After All
by Kamchatka
Summary: Three short, related fics. 1)Many,many years after the wars, Hilde reflects on life and loss. POV. Death (but not tragic). 2+H. 2)Duo's last letter to Heero 3) Wufei reflects. All feedback appreciated.
1. After All

_I don't own Gundam Wing, just this teeny tiny scrap of a story. Many, many years after the wars. Hilde POV. There may be a whisper of shounen ai, but it's pretty damn innocent. _

_A couple of people have told me that they can't access the little related fic I posted as Chapter 2. Since I've found some stories with "hidden" chapters as well and solved the "missing link" problem, the link to Chapter 2 (which is not a continuation, but a side fic) is: _ http://www.fanfiction.net/read.php?storyid=854798&chapter=2

_Thank you for the feedback, public and private!_

  
  


After All 

by Kamchatka

  
  


It's snowing again, fat slow flakes against the purple sky. I can't help but watch. The weather of Earth still captivates me, even though I have called this ancient cottage home for many, many more years than I lived in the L2 colonies where I was born. The climate is constant there, its minor fluctuations planned and announced days in advance. Only here can a flutter of snowflakes catch me by surprise.
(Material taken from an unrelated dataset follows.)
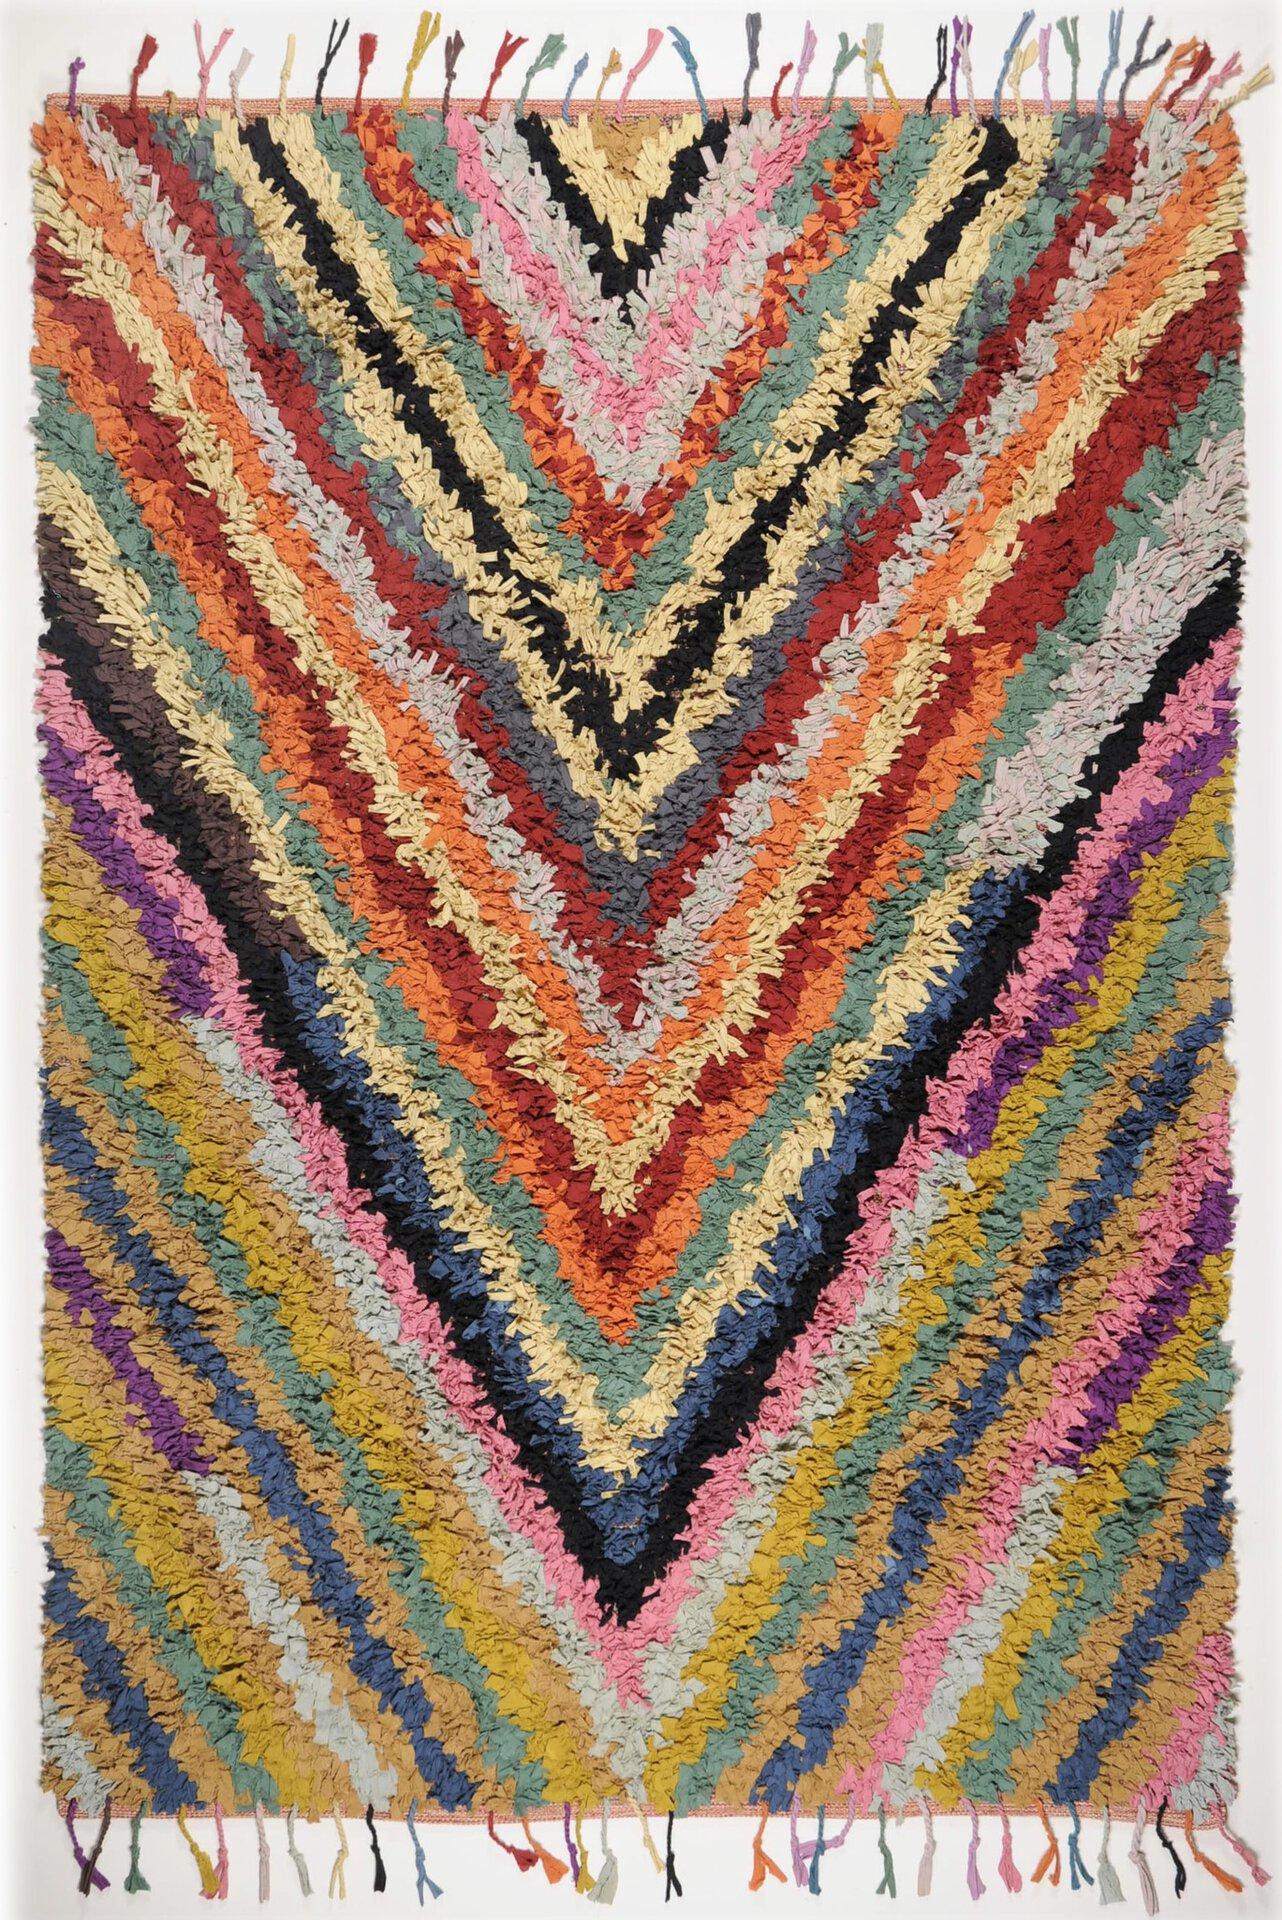 Handwebteppich Woven Rug Theko Textil mehrfarbig 1 x 2 cm

Their mesmerizing dance weights my eyelids and I nestle deeper into the comforter. Such a silly name for a blanket, comforter. Especially now. 

My best comfort, my true comfort, lies in a simple pine coffin below stairs. For the first time in more than 70 years, I am sitting in a bed that is mine alone. It's cold and it's empty. Dear God, how will I ever sleep without him here? 
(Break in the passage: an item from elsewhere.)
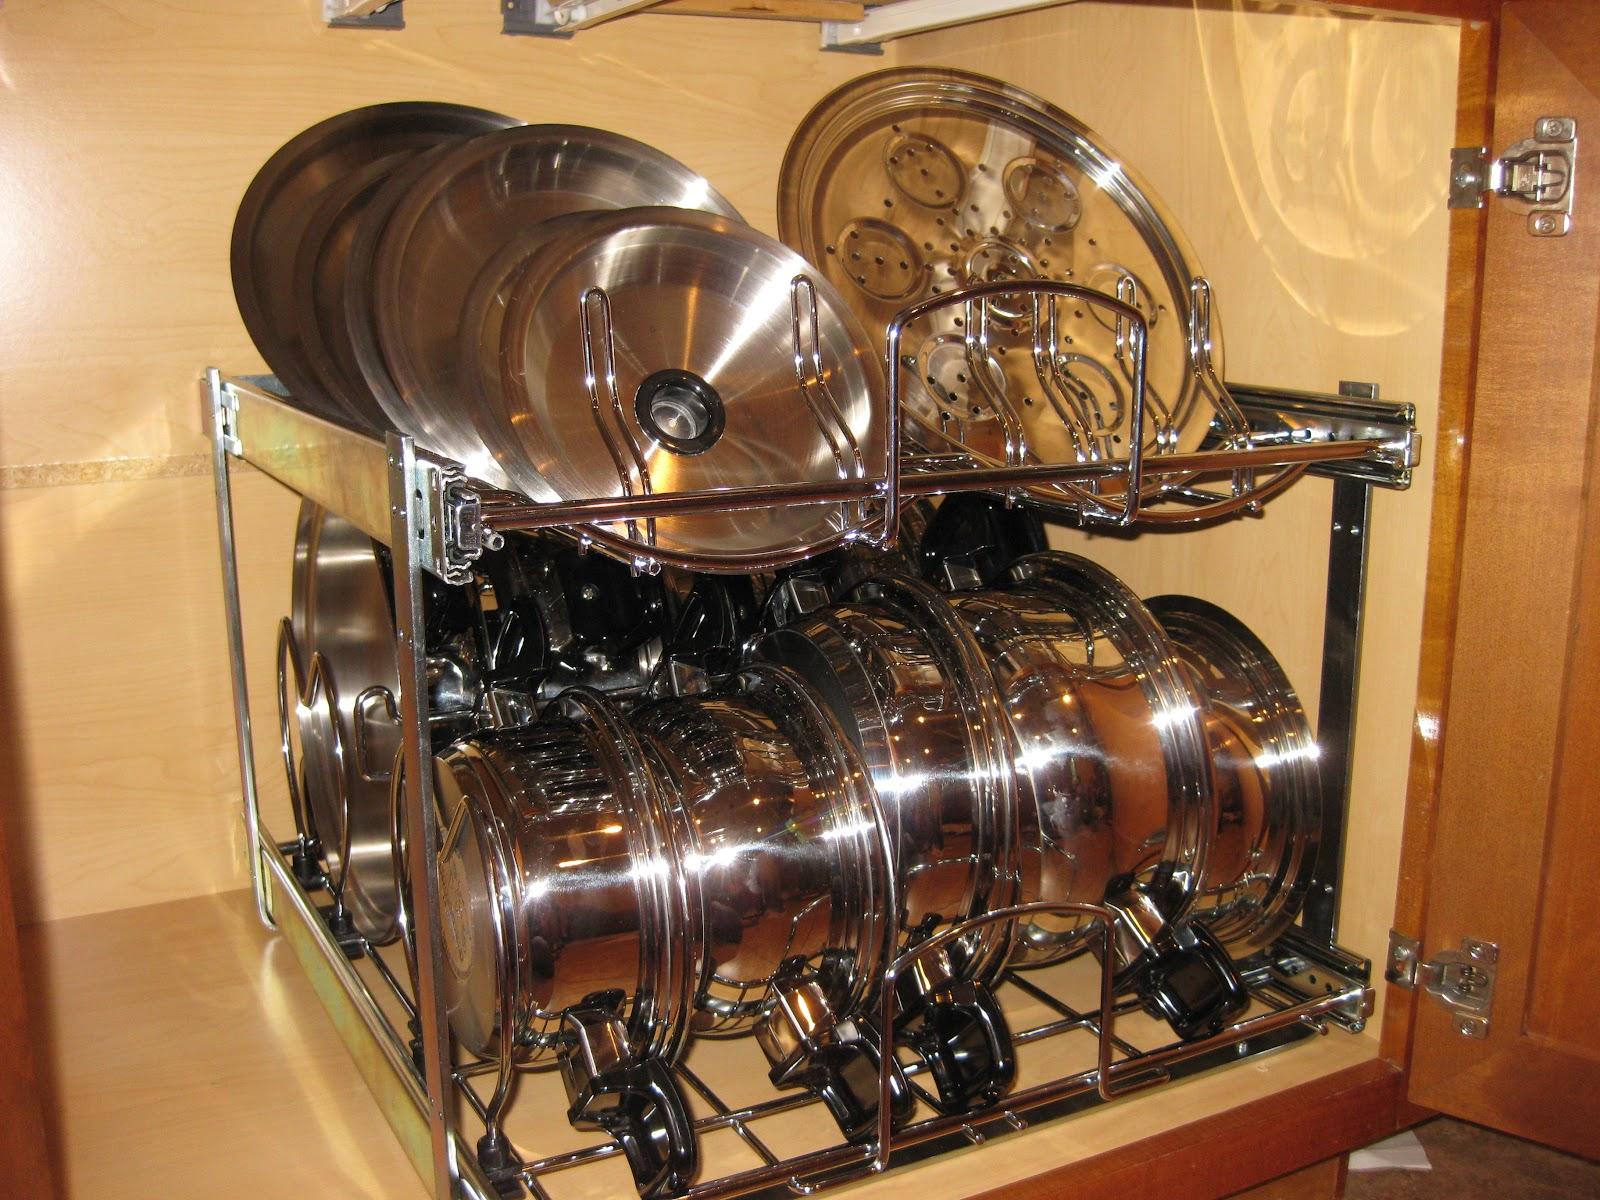 Pots And Pans Cabinet.Kitchen Pots And Pans Rack Cabinet Black ...

Why doesn't my heart stop as well?

But I know the answer to that question. I must endure, if only for a while. There are promises I must keep, hands I must hold, tears I must dry, children and grandchildren and great-grandchildren I must comfort. And I must allow them to comfort me. 

It is for their sakes, not for mine. I am sad. I ache. I am lonely. But I cannot let myself stay miserable. My life has been too full and too happy for me to turn it sour at the end. He taught me to believe in forever. I know that soon we will be together again, and this time there will be no parting. Soon. Everything comes soon when you're my age. 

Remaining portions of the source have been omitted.